Both General Motors and Amazon hired Ricchetti Incorporated after Biden defeated Donald Trump. Within months of hiring the lobbying firm, both companies scored high-profile meetings with the president and his cabinet that focused on their shared concerns about the shortage of semiconductors.

The semiconductor meetings underscore how Ricchetti has established himself as a go-to for corporations looking for access in the Biden administration. Ricchetti’s lobbying income has soared in the early months of the Biden administration—according to the Center for Responsive Politics, Ricchetti's firm brought in $820,000 in the first quarter of 2021, nearly five times more than what he earned during the same period in 2020.

Three months after GM hired Ricchetti to lobby the House, Senate, and Department of Commerce on topics including "issues related to the availability of semiconductors and critical supply chains for manufacture of automobiles," the company received an invite to a May 20 summit with Gina Raimondo, the secretary of commerce. According to contemporary coverage, the meeting focused on "companies impacted by the global semiconductor shortage." Also in the Raimondo meeting was another Ricchetti client, Amazon, which hired Ricchetti just 10 days after Biden was elected, according to lobbyist disclosure forms.

Amazon and GM paid Ricchetti’s firm a combined $130,000 in the first quarter of 2021.

Biden hosted GM's CEO for an April 12 summit on how to "[address] the global semiconductor shortage." After the high-visibility meeting, GM’s CEO cosigned a statement thanking the Biden administration for its ongoing cooperation in resolving the shortage.

GM and Amazon are among those most affected by a global shortage of semiconductors, which are needed for everything from calibrating fuel injection to web services. GM told the White House the shortage will cut off $2 billion worth of annual profits, according to CNBC. Following multiple meetings with top Biden officials, GM announced this month that its chip shortage problem was entering the rear-view mirror, and it "expected to increase shipments" of vehicles in the coming weeks.
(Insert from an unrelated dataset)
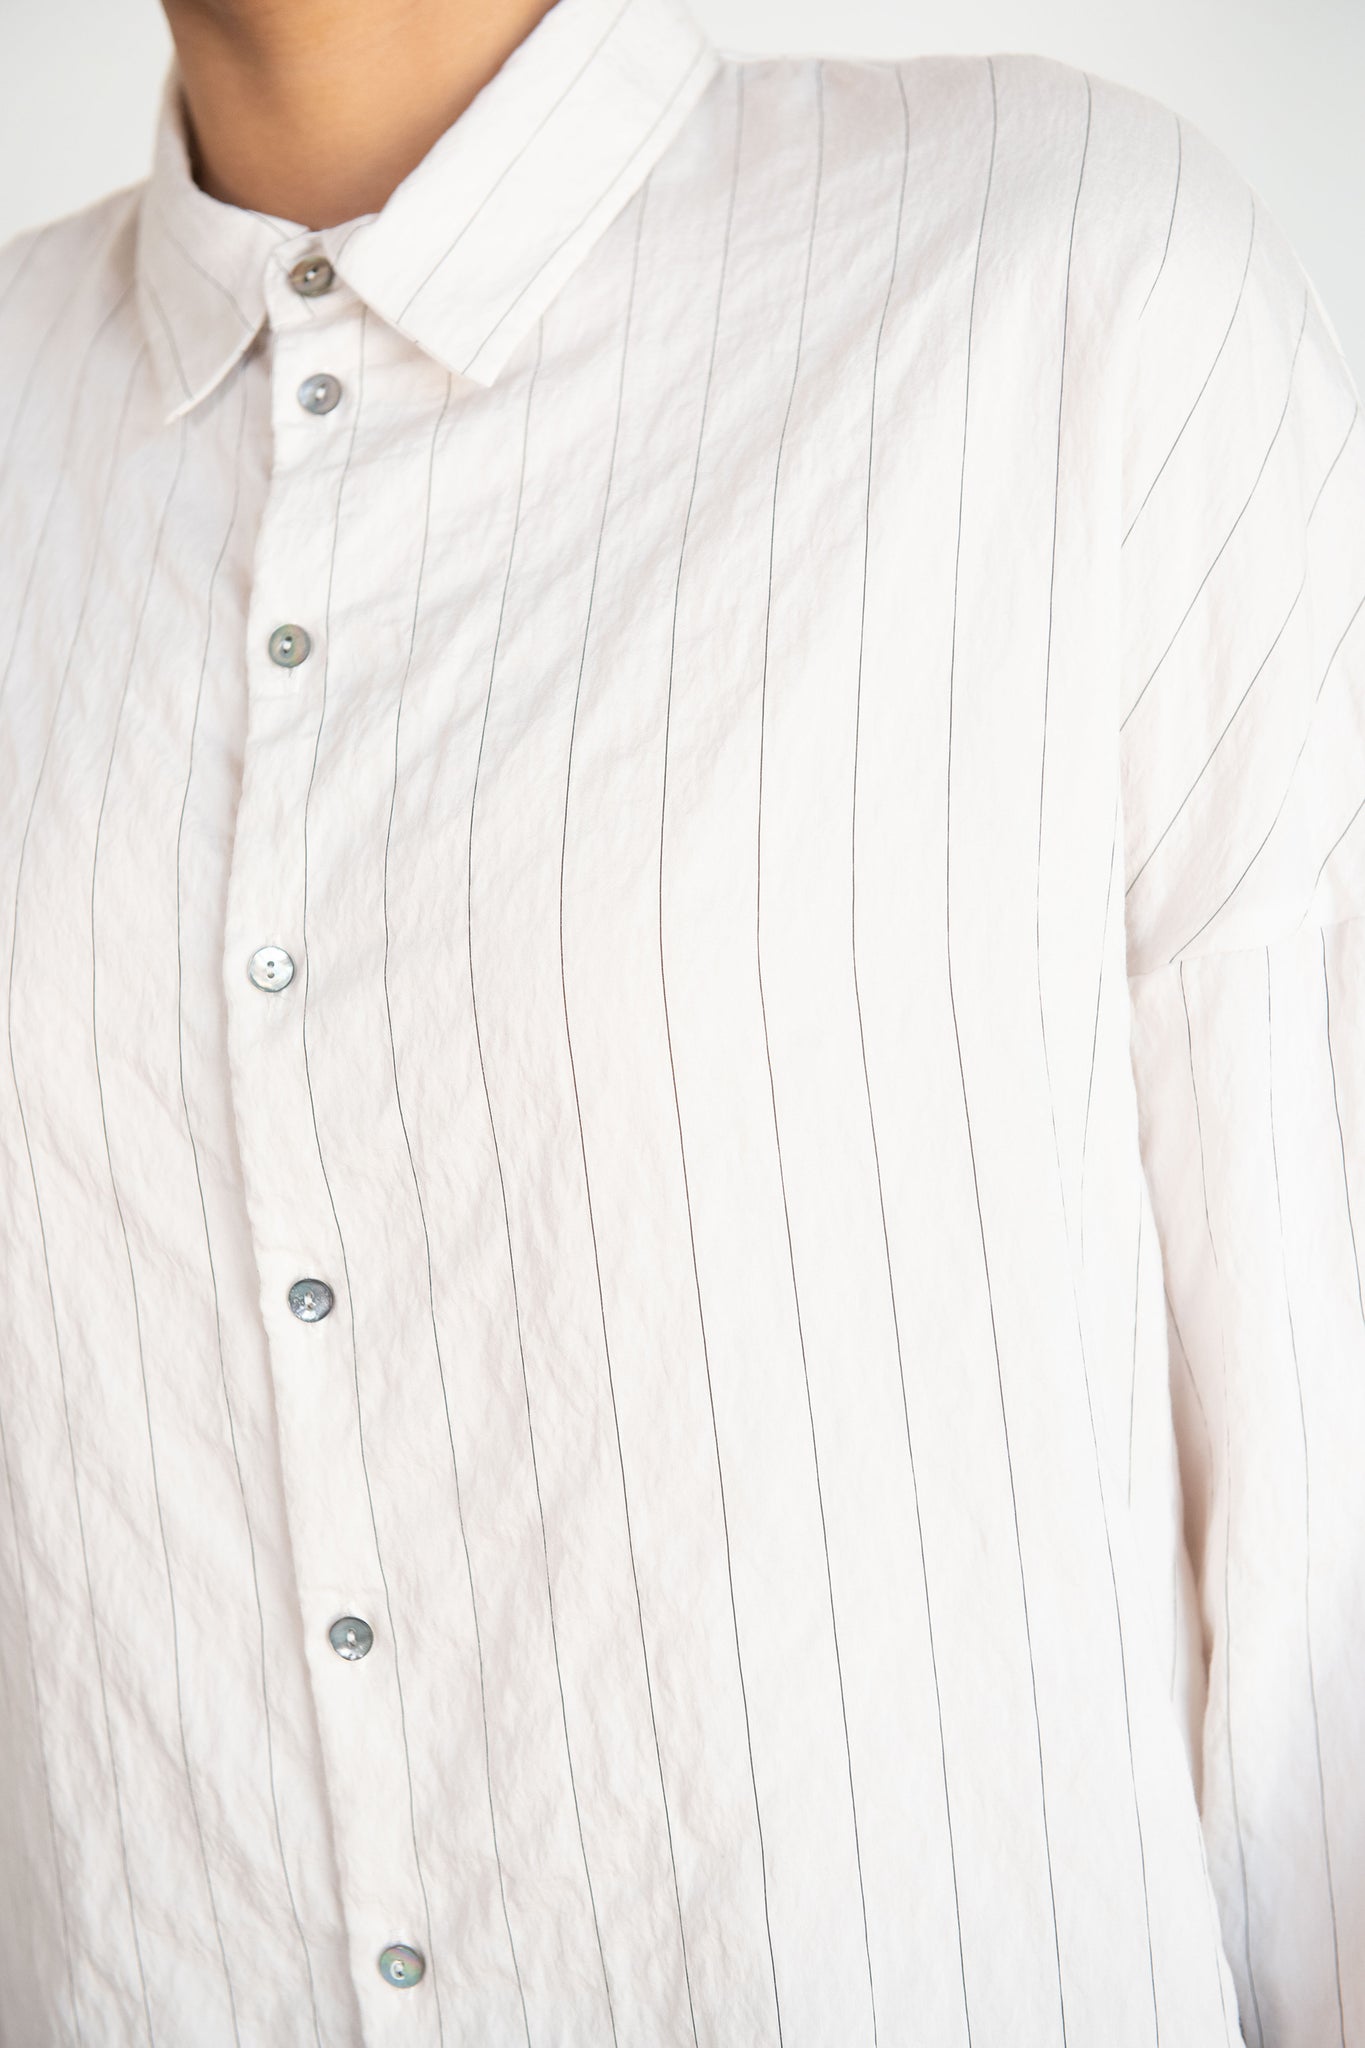 Album di Famiglia - Unisex Collar Shirt, offwhite stripes

Neither GM nor Amazon responded to requests for comment on hiring Ricchetti Incorporated after Biden's election.

Ricchetti insists he has no knowledge of any of his brother’s day-to-day business at the White House.

"I do not lobby my brother and I have not even mentioned to him the names of clients that I currently represent," Ricchetti said in April. "For the better part of the last 30 years I have lobbied members of Congress and their staff, and various individuals who have served in the successive administrations. It is what I do for a living."

Ricchetti's reassurances aren't sufficient for everyone. Caitlin Sutherland, the executive director of the watchdog organization Americans for Public Trust, called the Ricchettis' influence "alarming" in a statement to the Washington Free Beacon.

"Senior aides to President Biden continue to elevate their family members and deepen their pocketbooks," Sutherland said. "President Biden promised to keep his family off his staff but opened the gates for senior officials to do so. It is alarming how the Biden Administration enriches those who work with him personally day to day."

The lobbyist's connections extend beyond just his brother. Three of Steve Ricchetti’s children work in the Biden administration, prompting Politico to label Biden's White House "the Ricchetti administration."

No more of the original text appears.